7. On June 5, 1946, Raghunath Das filed in the court of the Senior Subordinate Judge, Ambala a suit being Suit No. 239 of 1946 out of which the present appeal has arisen. In this suit Raghunath Das claimed that Gokul Chand he ordered to transfer G.P. Notes of the value of Rs. 13,200 out of the G.P. Notes of the value of Rs. 26,500 to Raghunath Das and Mst. Daropadi by means of endorsement or some other legal way, to get them entered into the Government registers and to make them over to Raghunath Das, the plaintiff. Particulars of the numbers, the year of issue, the face value and the interest payable on all the said G.P. Notes were set out in the prayer. There was an alternative prayer that Gokul Chand be ordered to pay Rs. 13,200 to the plaintiff. Gokul Chand filed his written statement taking a number of pleas in bar to the suit. Not less than 12 issues were raised, out of which only issues Nos. 2 and 3 appear from the judgment of the Subordinate Judge to have been seriously pressed. Those two issues were as follows :- '(2) Is the suit within time and (3) Is the suit barred by Order 2, Rule 2 of the Civil Procedure Code ?' The Subordinate Judge decided both the issues in favour of the plaintiff. He held that Art. 49 of the Indian Limitation Act had no application to the facts of this case and that there being no other specific Article applicable, the suit was governed by the residuary Art. 120. The learned Subordinate Judge also took the view that the period from November 15, 1939 to March 15, 1945, spent in the execution proceedings should be excluded under section 14 of the Indian Limitation Act in computing the period of limitation under Art. 120. The learned Subordinate Judge also held that the cause of action in the earlier suit for the recovery of the sum of Rs. 7,310-11-3 was not the same as the cause of action in the present suit and, therefore, the present suit was not barred under O. 2, r. 2, of the Code of Civil Procedure. The learned Subordinate Judge accordingly decreed the suit in favour of Raghunath Das. Gokul Chand appealed to the High Court.
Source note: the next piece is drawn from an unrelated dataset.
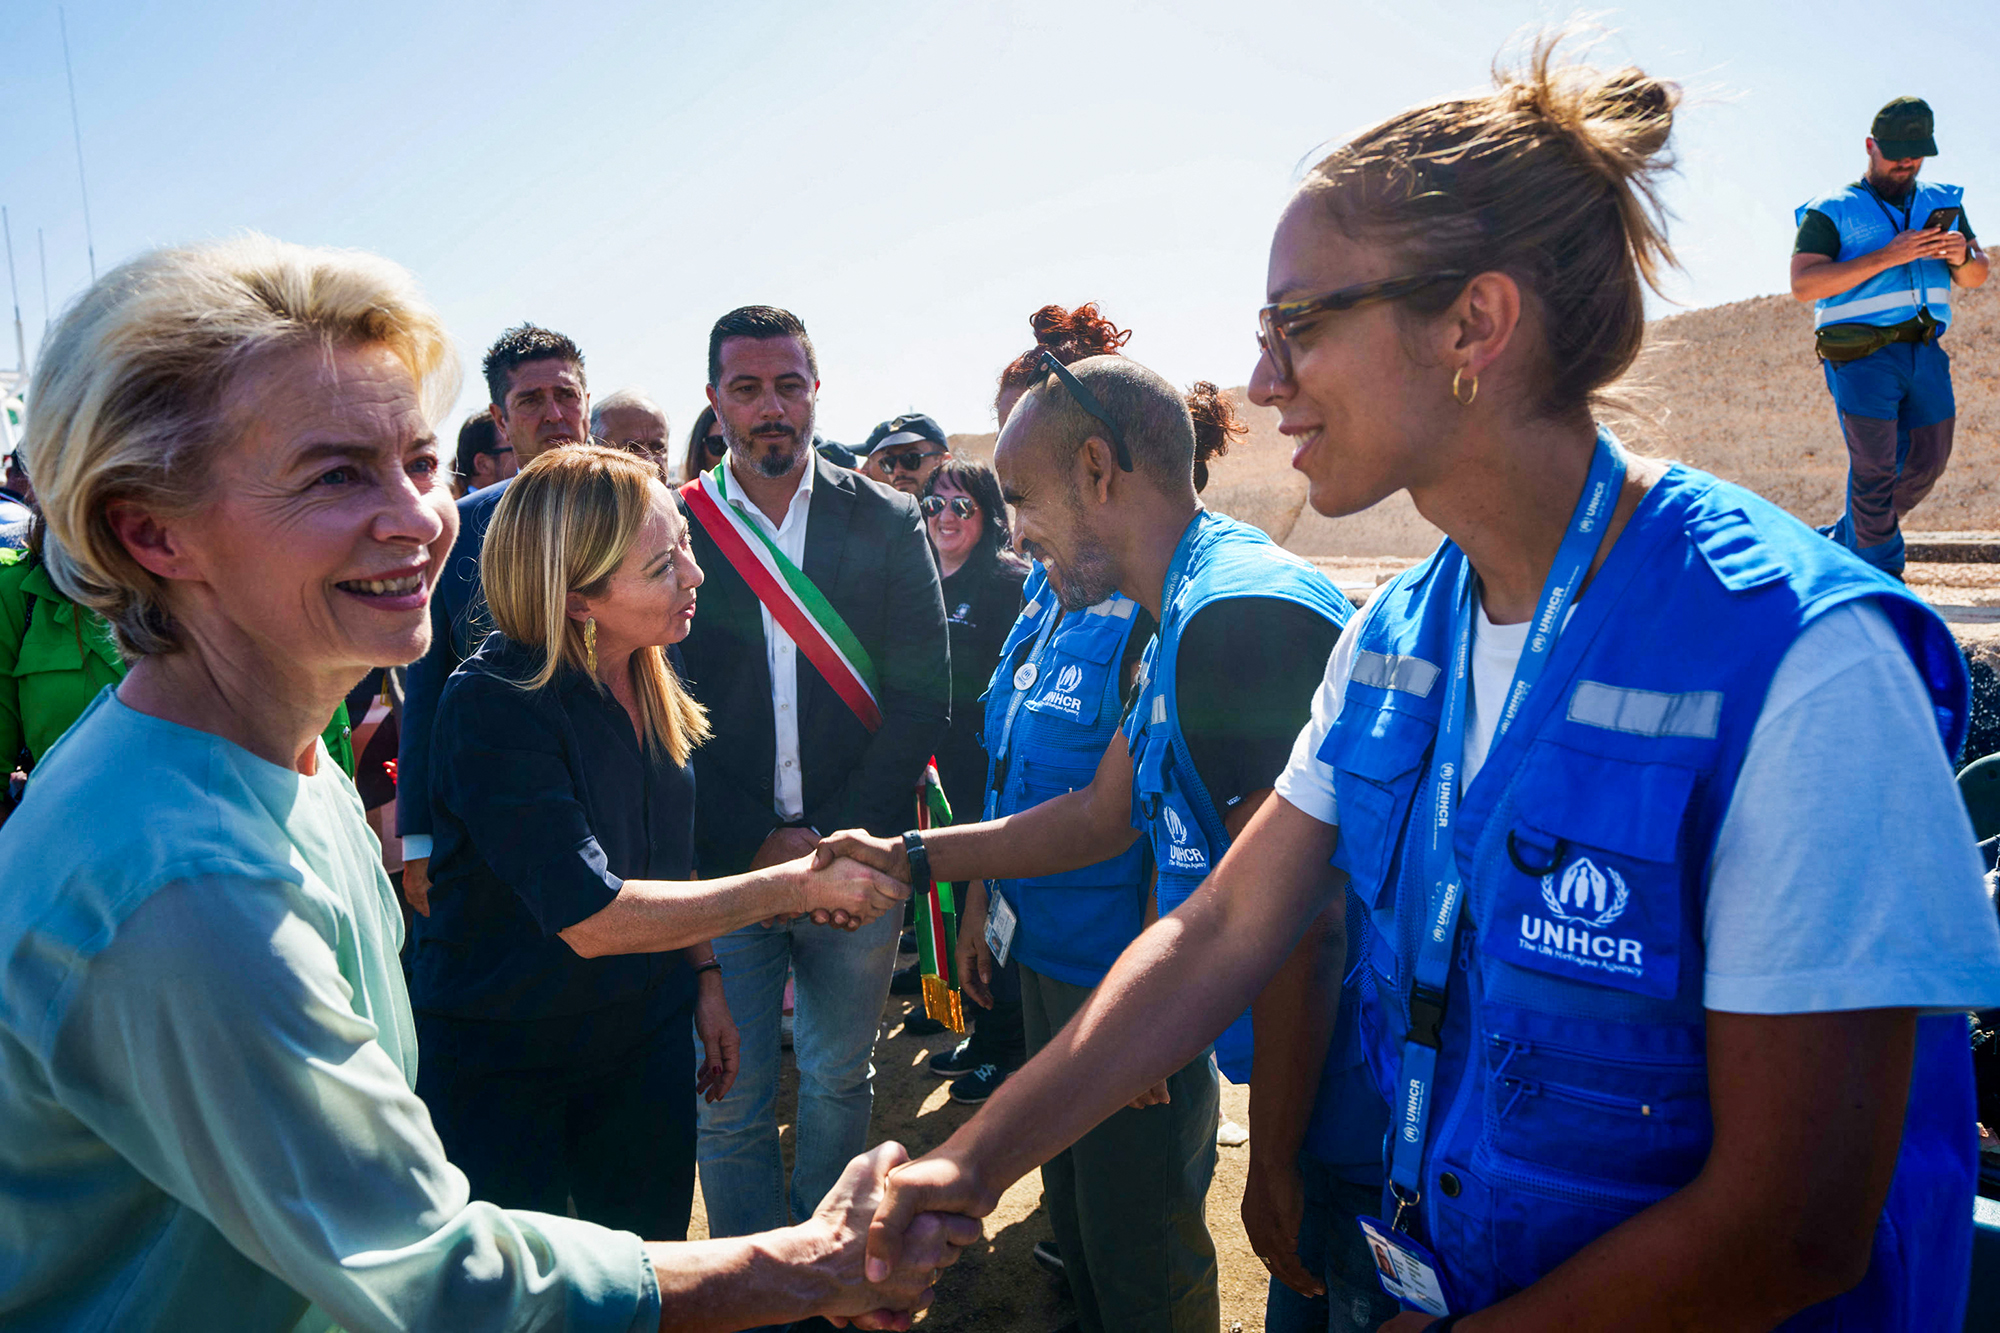 EU-Kommissionspräsidentin Ursula von der Leyen (l.), und Italiens Ministerpräsidentin Giorgia Meloni (2.v.l.) bei der Begrüßung von Mitgliedern des Hohen Flüchtlingskommissars der Vereinten Nationen (UNHCR) während ihres Besuchs auf der italienischen Insel Lampedusa (Bild: Handout/ANSA/AFP)

8. The appeal came up for hearing before a Division Bench of the Punjab High Court. Only two points were pressed in support of the appeal, namely, (1) whether the suit was barred by time and (2) whether the suit was barred under O. 2, r. 2, of the Code of Civil Procedure. Learned counsel appearing for Gokul Chand urged that the suit was one for the recovery of 'other specific moveable property' that is to say specific moveable property other than those falling within Arts. 48, 48A and 48B of the Indian Limitation Act and was accordingly governed by Art. 49. Article 49 provides three years' period of limitation for a suit for 'other specific moveable property or for compensation for wrongful taking or injuring or wrongfully detaining the same' and this period of three years begins to run from 'when the property is wrongfully taken or injured or when the detainer's possession becomes unlawful'. In the opinion of the High Court the suit was for the recovery of specific Government promissory notes and this, according to the High Court, was plain from the perusal of para 18 of the plaint which set out the reliefs claimed by the plaintiff in the suit. The reference to the numbers, value and the year of issue of G.P. Notes and the rates of interest carried by them appeared to the High Court to be decisive on this point. The High Court held that the suit was governed by Art. 49 and that, as the plaintiff would be out of time even if the period between November 15, 1939, and March 15, 1945, was excluded, the High Court did not think it necessary to consider the question of the applicability of section 14 of the Indian Limitation Act. As its finding on the issue of limitation was sufficient to dispose of the suit, the High Court did not discuss the other issue founded on O. 2, r. 2, of the Code of Civil Procedure but allowed the appeal and dismissed the suit as barred by limitation.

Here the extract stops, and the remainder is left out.